Creating a dummy regression model with `scikit-learn` is easy: first, we create an instance of [`DummyRegressor`](http://scikit-learn.org/stable/modules/generated/sklearn.dummy.DummyRegressor.html#sklearn.dummy.DummyRegressor), and then we evaluate its performance on the data using cross validation, just like last week.

> **Note:** Our dummy model has no hyperparameters, so we don't need to do an inner cross validation or grid search - just the outer cross validation to estimate the model accuracy.

In [None]:
X = df.drop('mpg', axis='columns')  # X = features
y = df['mpg']                       # y = prediction target

model = DummyRegressor()  # Predicts the target as the average of the features

outer_cv = KFold(n_splits=5, shuffle=True, random_state=0)  # 5 fold cross validation
y_pred = cross_val_predict(model, X, y, cv=outer_cv)

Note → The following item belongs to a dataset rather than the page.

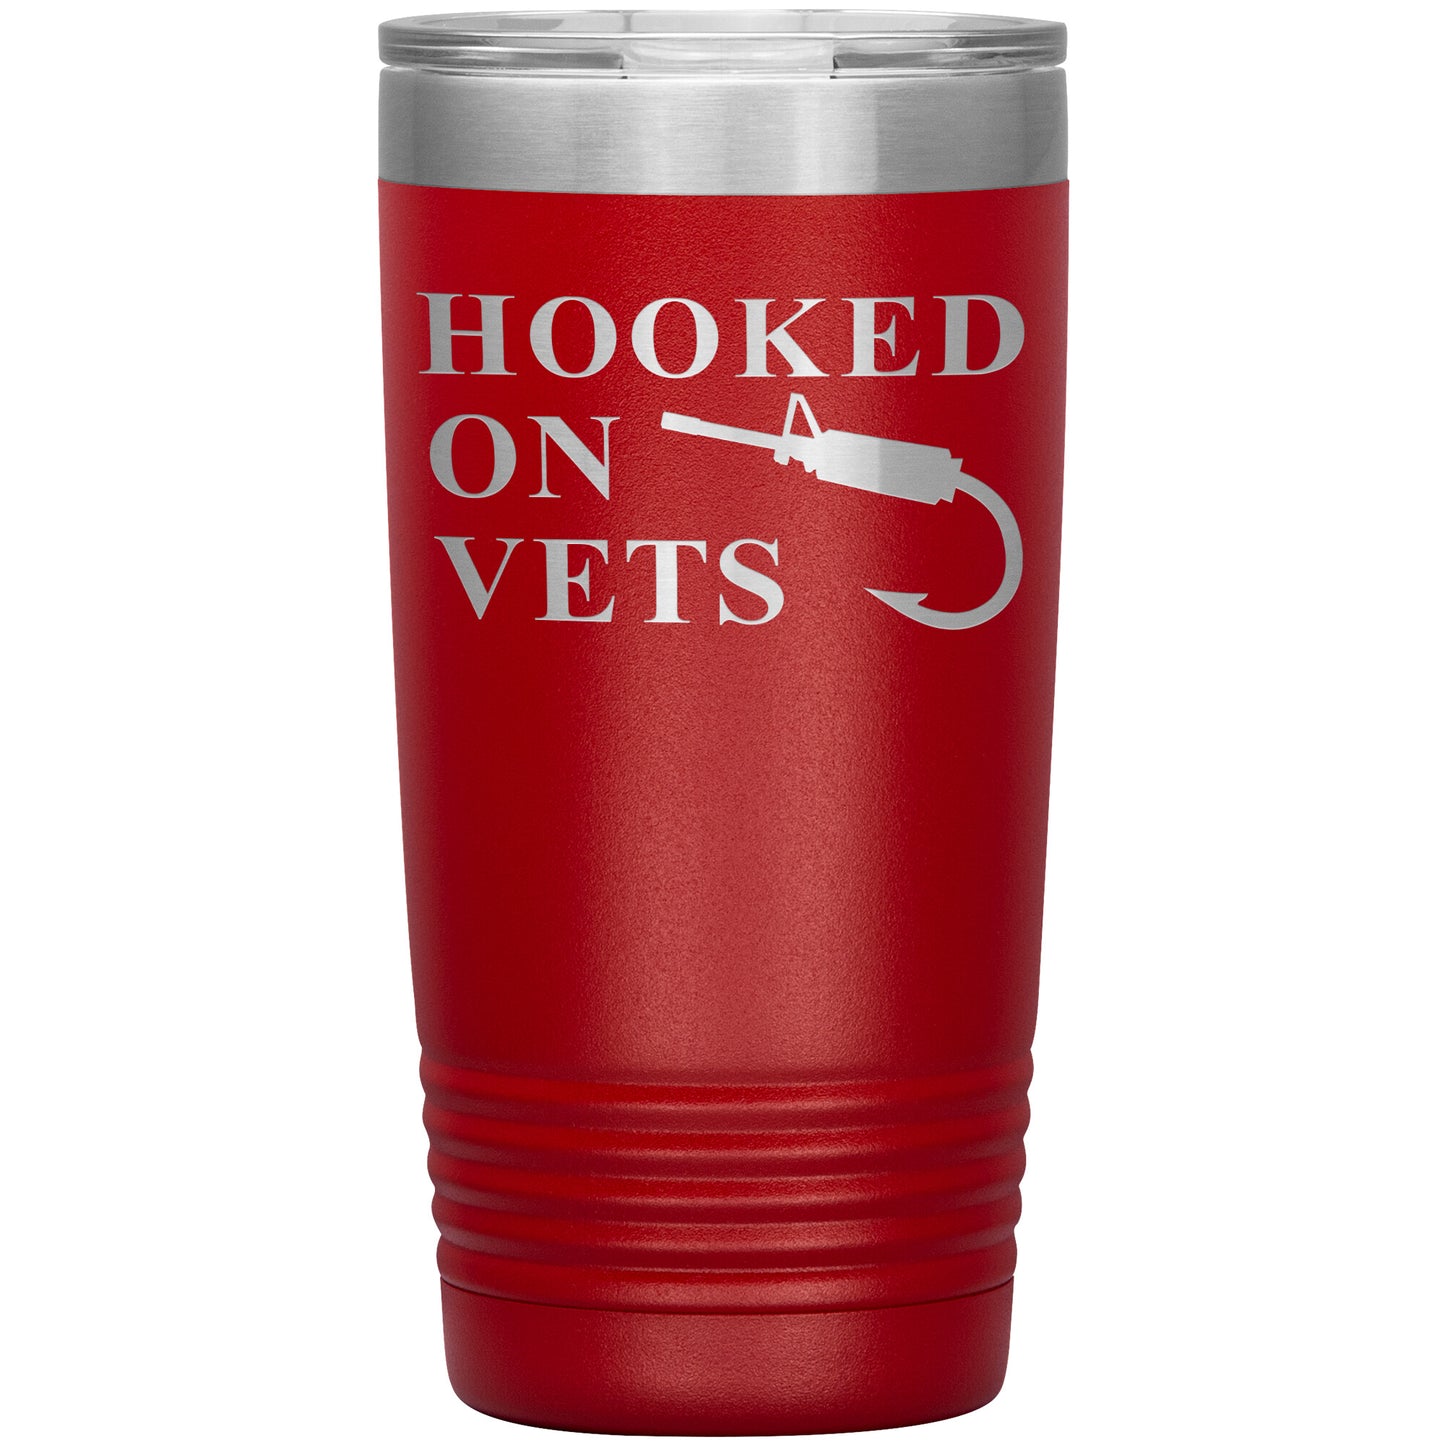 HOOKED ON VETS - 20oz Insulated Tumbler
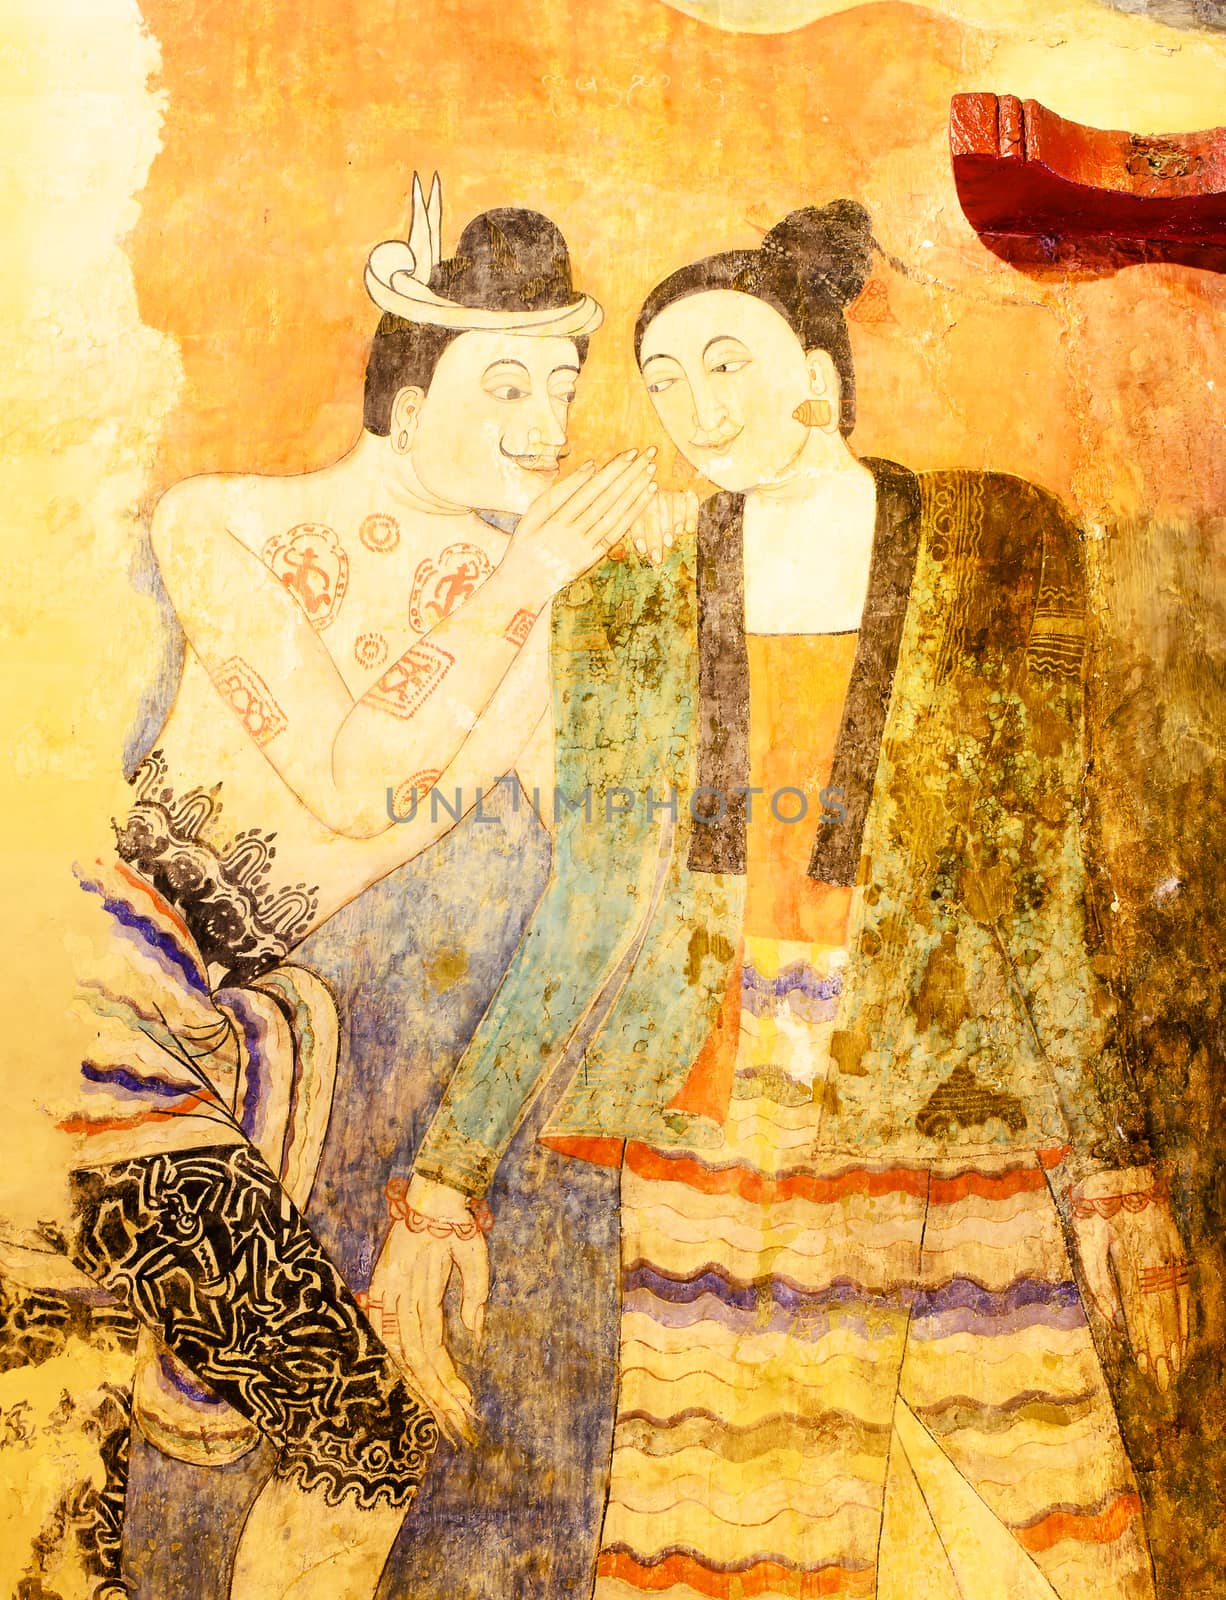 The Whisper of Ancient Painting Wall Art in Temple.

print('Mean absolute error: %f' % mean_absolute_error(y, y_pred))
print('Standard deviation of the error: %f' % (y - y_pred).std())

ax = (y - y_pred).hist()
ax.set(
    title='Distribution of errors for the dummy model',
    xlabel='Error'
);

The dummy model predicts the MPG with an average error of approximately $\pm 6.57$ (although, as can be seen from the distribution of errors the spread is much larger than this). Let's see if we can do better with a linear regression model.

### Linear regression model

`scikit-learn` supports linear regression via its [`linear_model`](http://scikit-learn.org/stable/modules/classes.html#module-sklearn.linear_model) subpackage. This subpackage supports least squares regression, lasso regression and ridge regression, as well as many other varieties. Let's use least squares to build our model. We can do this using the [`LinearRegression`](http://scikit-learn.org/stable/modules/generated/sklearn.linear_model.LinearRegression.html) class, as follows:

In [None]:
X = df.drop('mpg', axis='columns')
y = df['mpg']

model = LinearRegression()

outer_cv = KFold(n_splits=5, shuffle=True, random_state=0)
y_pred = cross_val_predict(model, X, y, cv=outer_cv)

print('Mean absolute error: %f' % mean_absolute_error(y, y_pred))
print('Standard deviation of the error: %f' % (y - y_pred).std())

ax = (y - y_pred).hist()
ax.set(
    title='Distribution of errors for the linear regression model',
    xlabel='Error'
);

Our linear regression model predicts the MPG with an average error of approximately $\pm 2.59$ and a significantly smaller standard deviation too - this is a big improvement over the dummy model!

But we can do better! Earlier, we noted that several of the features had non-linear relationships with the target variable - if we could transform these variables, we might be able to make this relationship more linear. Let's consider the displacement, horsepower and weight variables:

In [None]:
pd.plotting.scatter_matrix(df[['mpg', 'displacement', 'horsepower', 'weight']], s=50, figsize=(9, 9));

The relationship between the target and these predictors appears to be an exponentially decreasing one: as the predictors increase in value, there is an exponential decrease in the target value. Log-transforming the variables should help to remove this effect (logarithms are the inverse mathematical operation to exponentials):

In [None]:
df['displacement'] = df['displacement'].map(np.log)
df['horsepower'] = df['horsepower'].map(np.log)
df['weight'] = df['weight'].map(np.log)

Now, the relationship between the predictors and the target is much more linear:

In [None]:
pd.plotting.scatter_matrix(df[['mpg', 'displacement', 'horsepower', 'weight']], s=50, figsize=(9, 9));

Let's run the analysis a second time and see the effect this has had:

In [None]:
X = df.drop('mpg', axis='columns')
y = df['mpg']

model = LinearRegression()

outer_cv = KFold(n_splits=5, shuffle=True, random_state=0)
y_pred = cross_val_predict(model, X, y, cv=outer_cv)

print('Mean absolute error: %f' % mean_absolute_error(y, y_pred))
print('Standard deviation of the error: %f' % (y - y_pred).std())

ax = (y - y_pred).hist()
ax.set(
    title='Distribution of errors for the linear regression model with transformed features',
    xlabel='Error'
);

As can be seen, the average error has now decreased to $\pm 2.33$ and the standard deviation of the error to 3.12. Further reductions in error might be achieved by experimenting with feature selection, given the high degree of correlation between some of the predictors, or with a more sophisticated model, such as ridge regression.